What you are asked to do >>
Return exactly, with nothing added, the lines from the one that contains "I am not insulted" through the end of the listing below, pictures excluded.

The data >>
-------------------------

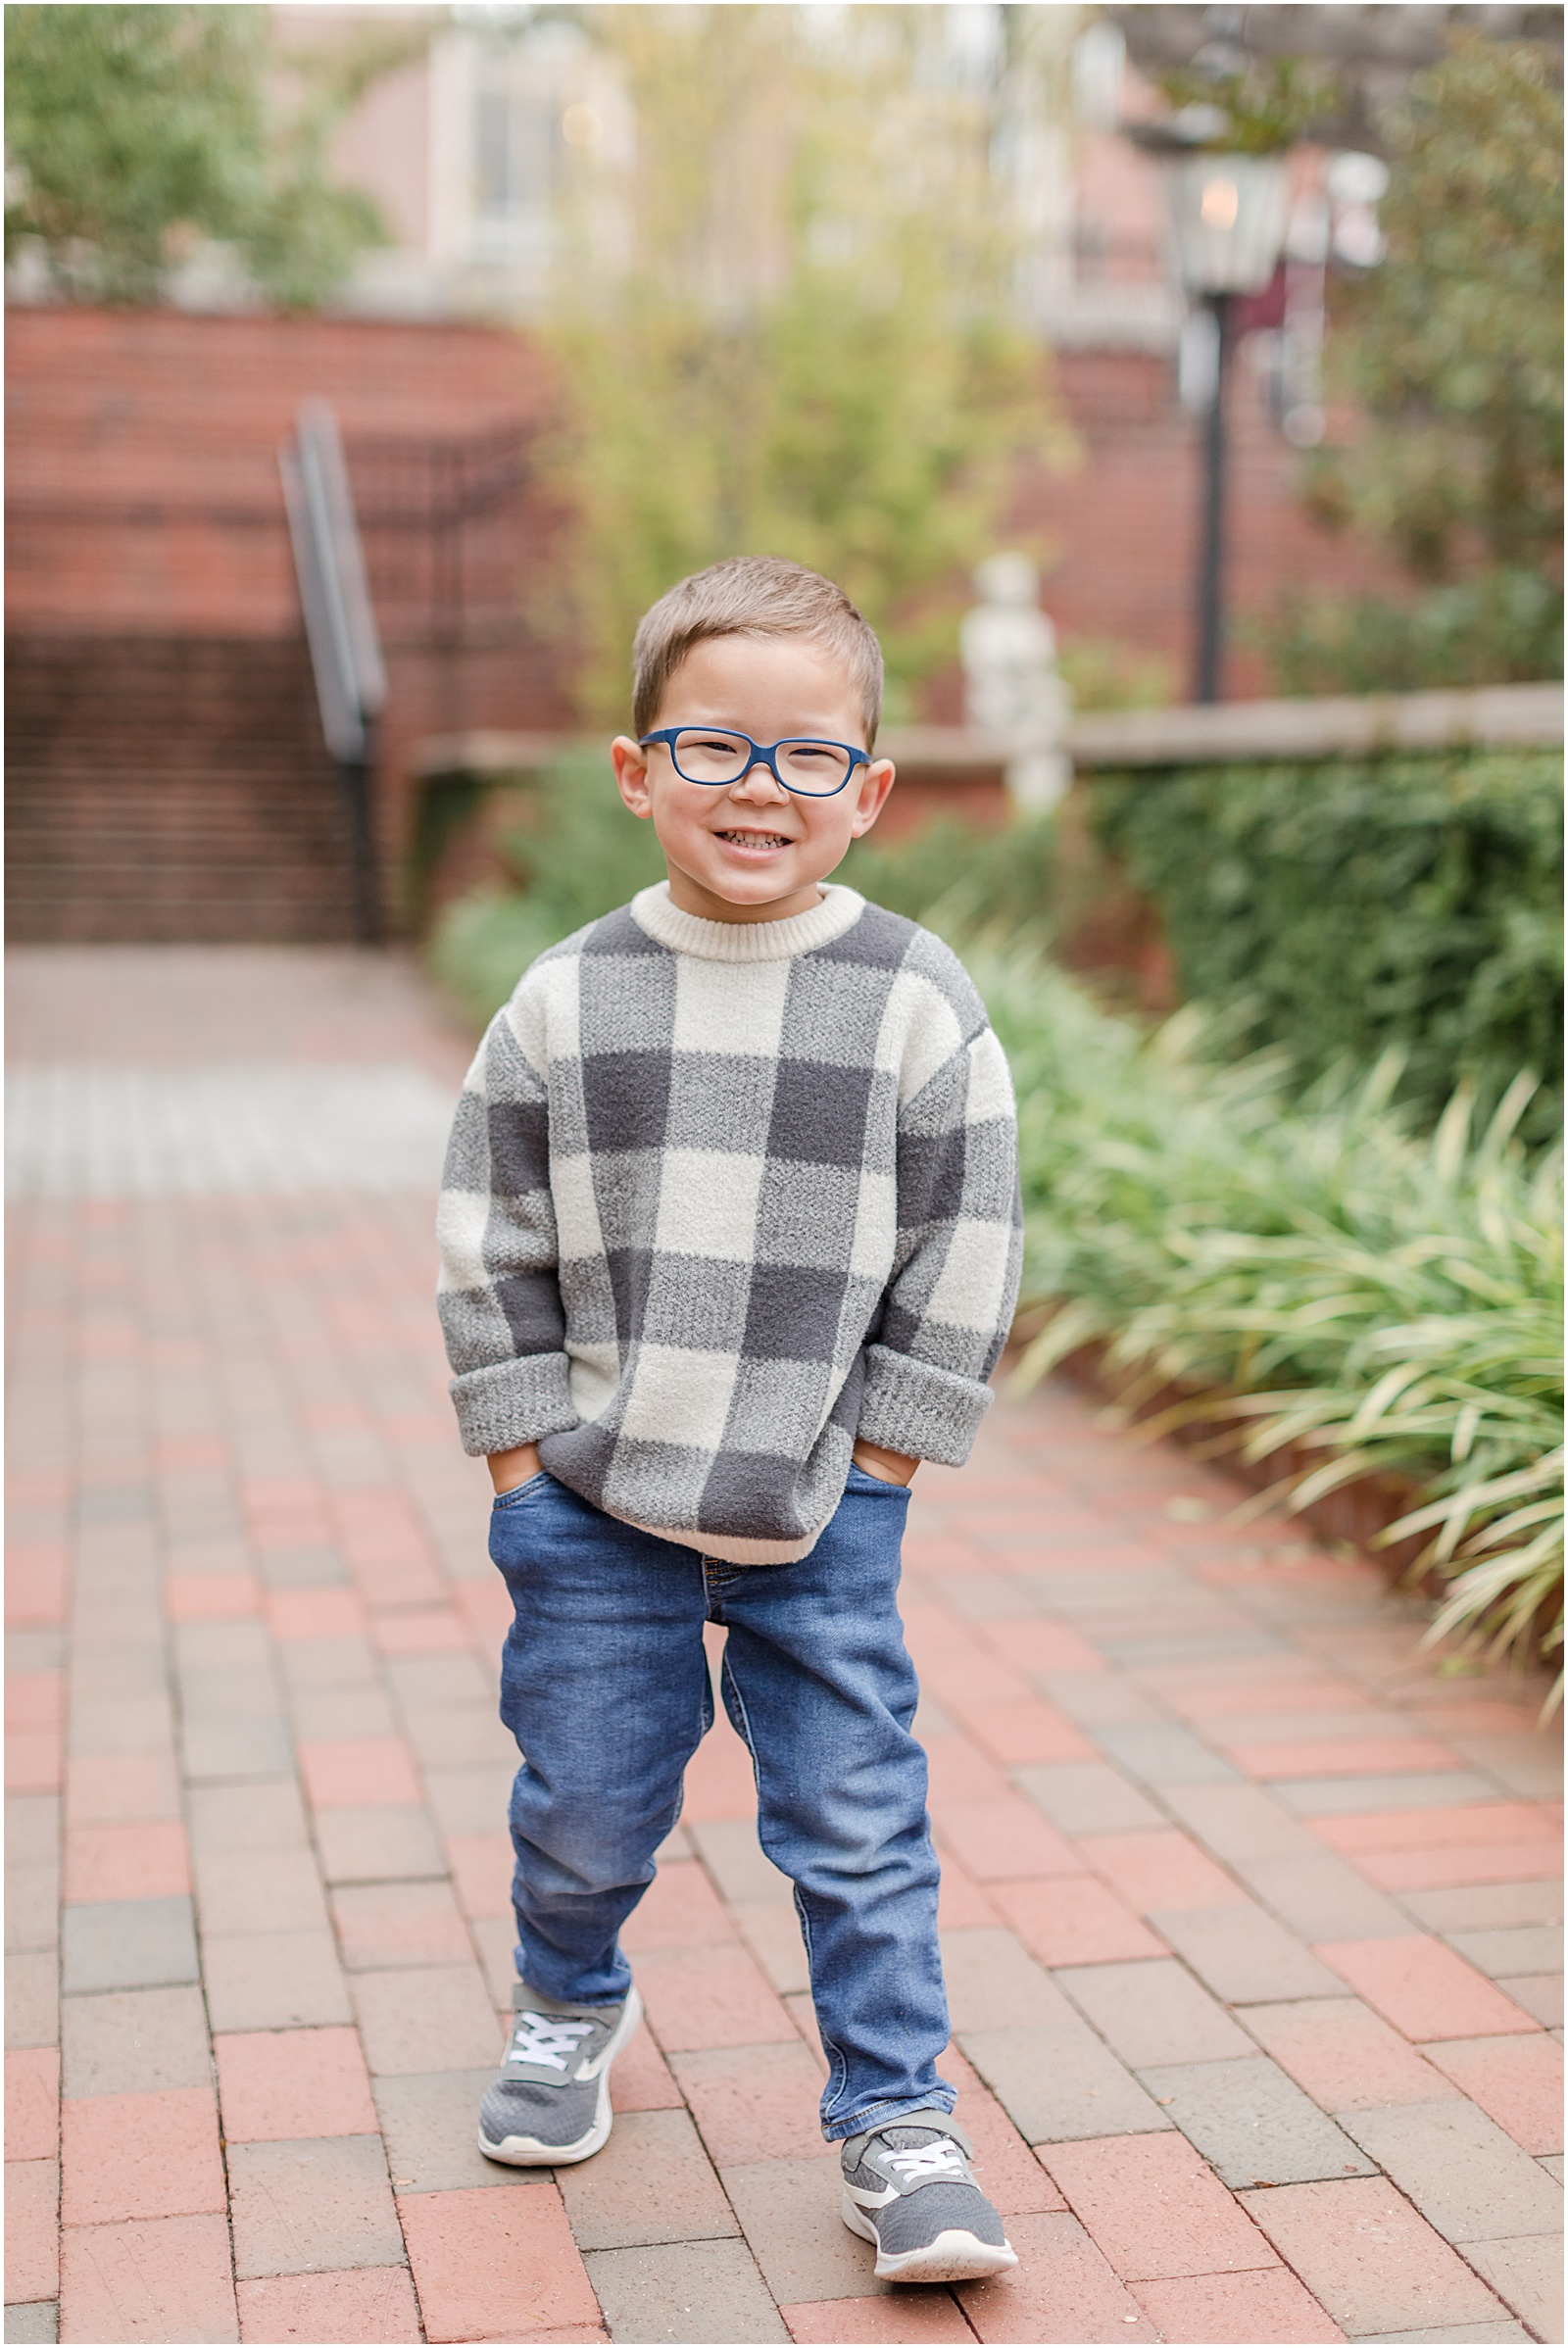 Young boy photographed on brick pathway in Alpharetta Georgia
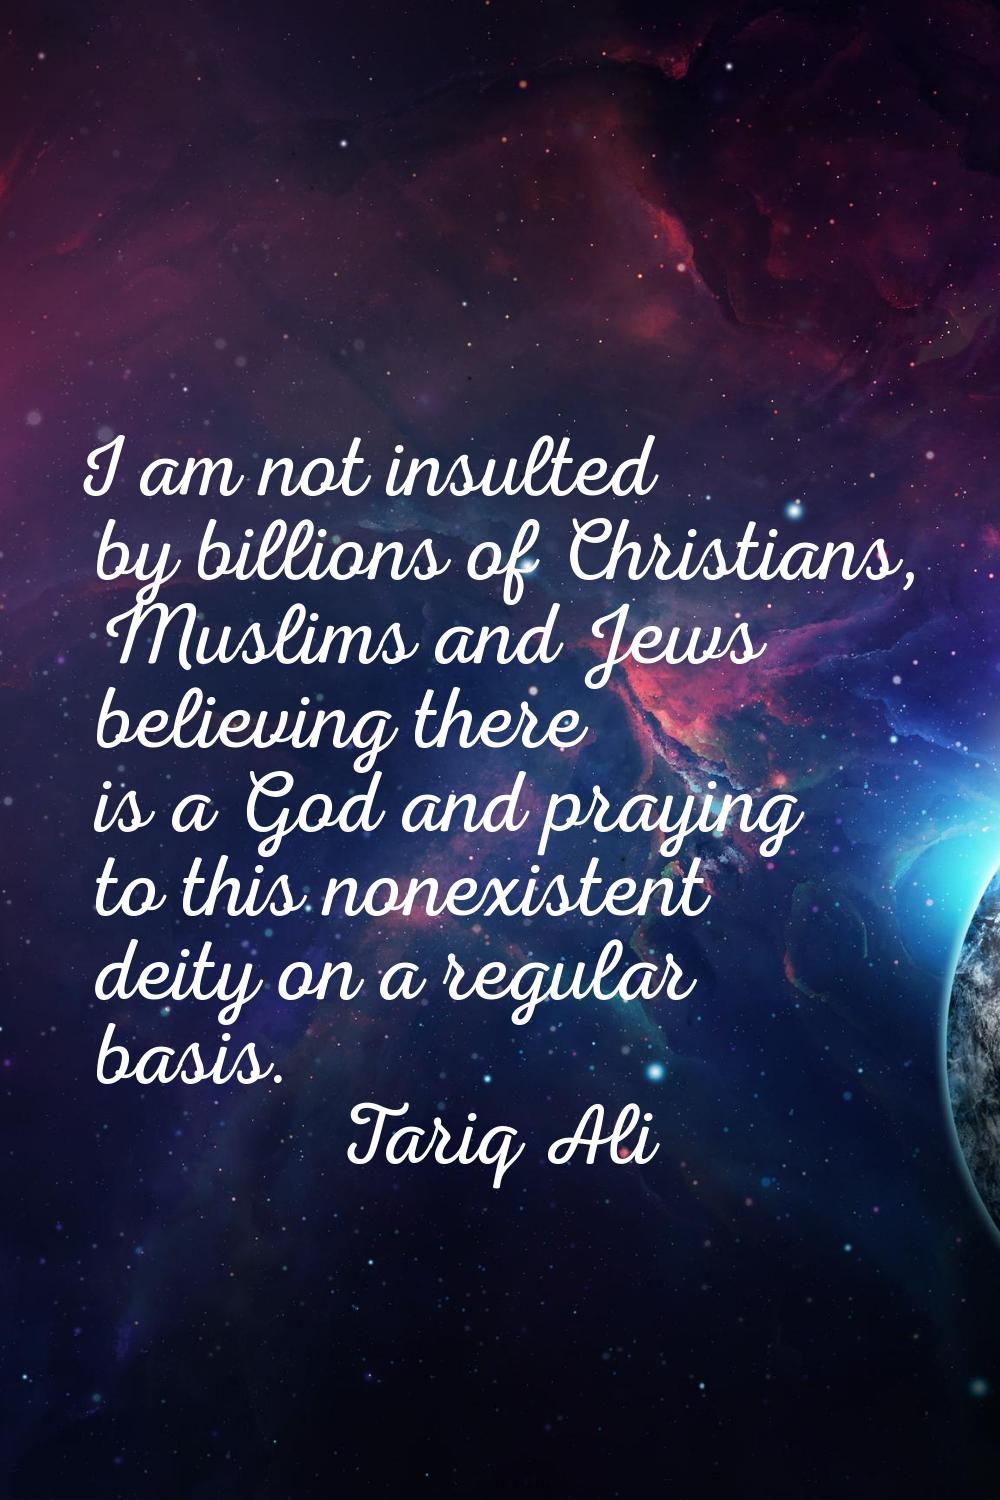 I am not insulted by billions of Christians, Muslims and Jews believing there is a God and praying 
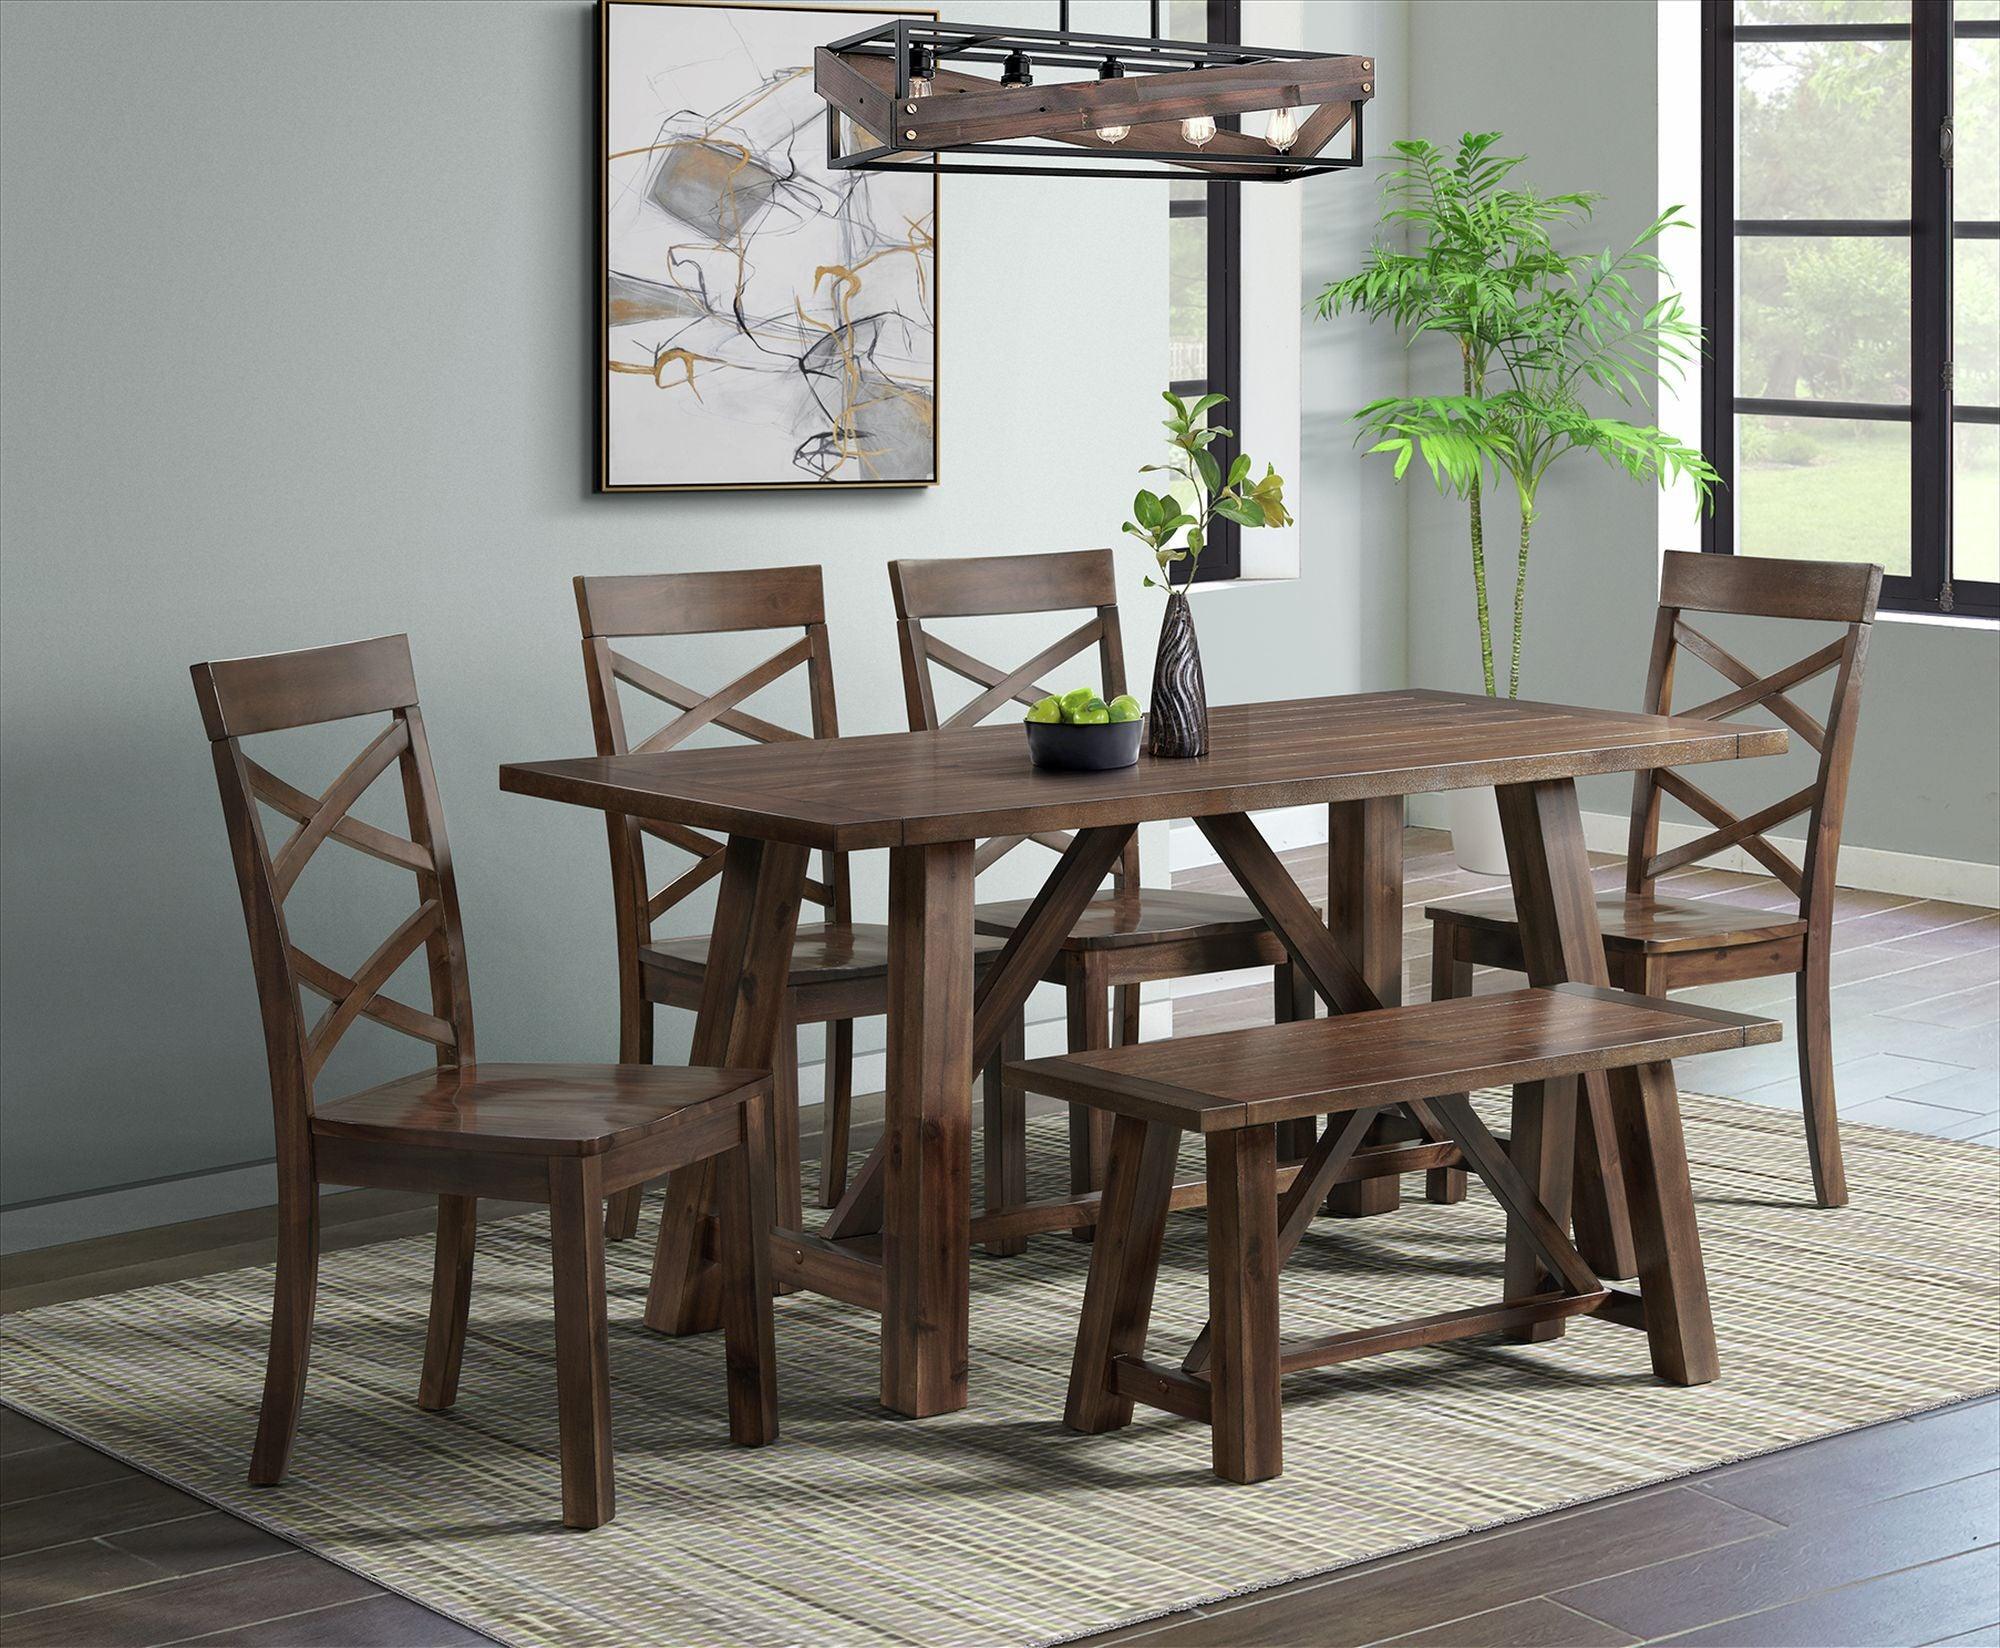 Elements Dining Chairs - Regan Standard Height Side Chair Set in Cherry

-------------------------

Task response >>
 I am not insulted by billions of Christians, Muslims and Jews believing there is a God and praying 
 Elements Dining Chairs - Regan Standard Height Side Chair Set in Cherry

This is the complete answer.